Olga Neuwirth (born 4 August 1968 in Graz) is an Austrian contemporary classical composer, visual artist and author. She gained fame mainly through her operas and music theater works, which often deal with topical and decidedly political themes of identity, violence and intolerance.

Life and Work 
Neuwirth was born in Graz, the daughter of Griseldis Neuwirth and pianist Harald Neuwirth. She is the niece of Gösta Neuwirth and the sister of sculptor Flora Neuwirth.

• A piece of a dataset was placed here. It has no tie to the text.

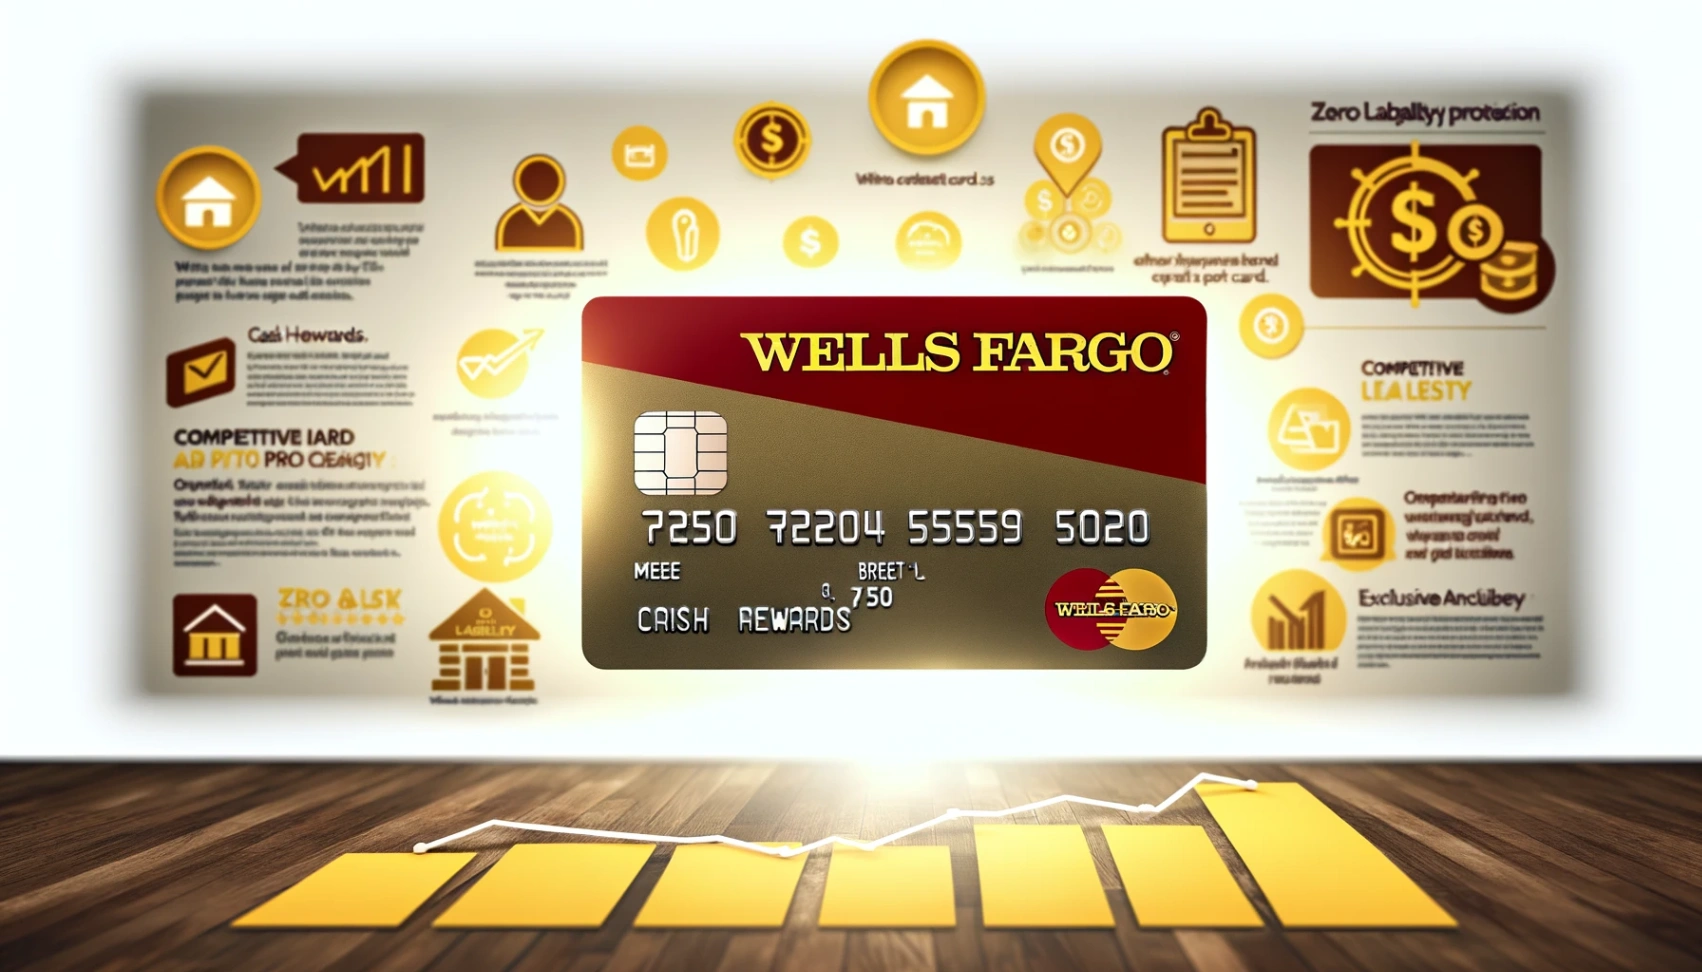 Wells Fargo Credit Cards: How to Order Using a Cell Phone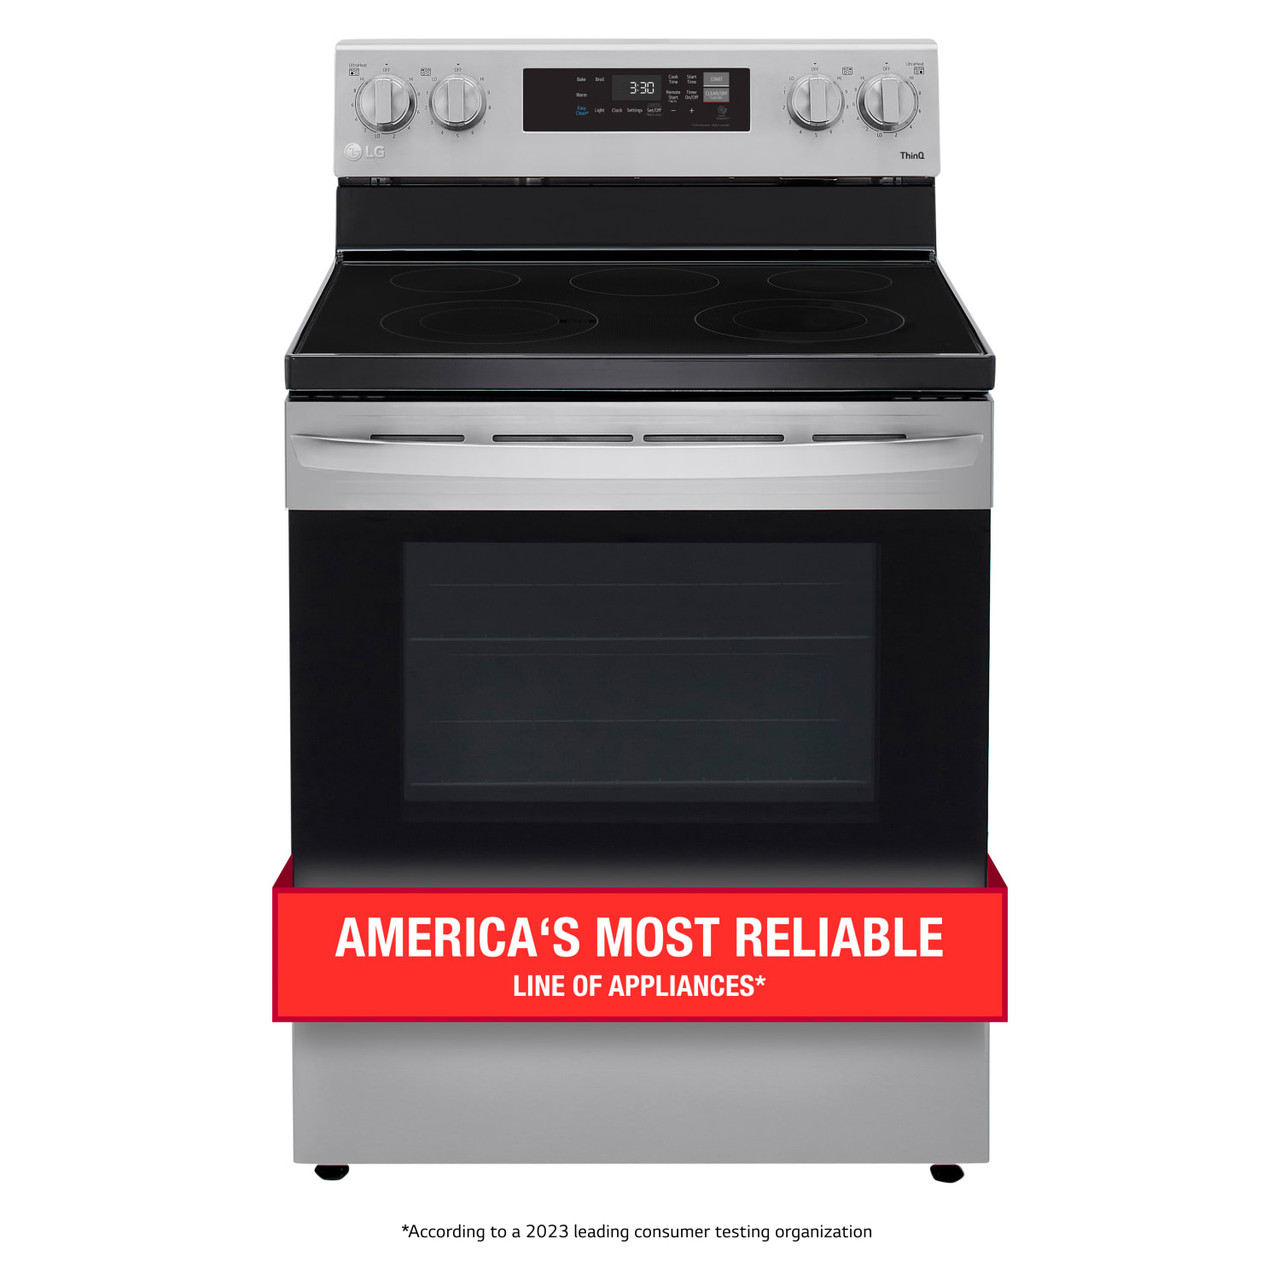 LG 6.3 cu. ft. Smart Wi-Fi Enabled Electric Range with EasyClean - LREL6321S

As a child at the age of seven, Neuwirth began lessons on the trumpet but was forced to abandon her original plans to study trumpet after an accident that left her with a jaw injury. As a high school student, Neuwirth took part in composition workshops with Hans Werner Henze and Gerd Kühr. At the age of 16, she met writer Elfriede Jelinek, the winner of the Nobel Prize for Literature, and the two artists have since enjoyed an artistically "fruitful collaboration". The then-17-year-old composer named her first commissioned composition Die gelbe Kuh tanzt Ragtime. The work was composed for the opening of the  festival in 1985. 

Neuwirth first studied composition with Elinor Armer at the San Francisco Conservatory of Music, beginning in 1986. She also studied painting and film at San Francisco’s Art College. She continued her studies at the University of Music and Performing Arts Vienna under Erich Urbanner, while studying at the Institute for Composition and Electroacoustics. Her master's thesis was written on the music in Alain Resnais's film L'Amour à mort, entitled "On the use of film music in L'amour à mort by Alain Resnais." In 1985/86, she studied music and art at the San Francisco Conservatory of Music with Elinor Armer. She studied painting and film at the San Francisco Art College. In 1993/94 she studied with Tristan Murail and worked at IRCAM, producing such works as "...?risonanze!..." for viola d'amore. She received significant inspiration in this period from her encounters with Adriana Hölszky (Nicht beirren lassen! Weitermachen!) and the Italian composer  Luigi Nono. Neuwirth had the chance to meet with Luigi Nono, who had similarly radical politics, and has claimed this had a strong influence on her life.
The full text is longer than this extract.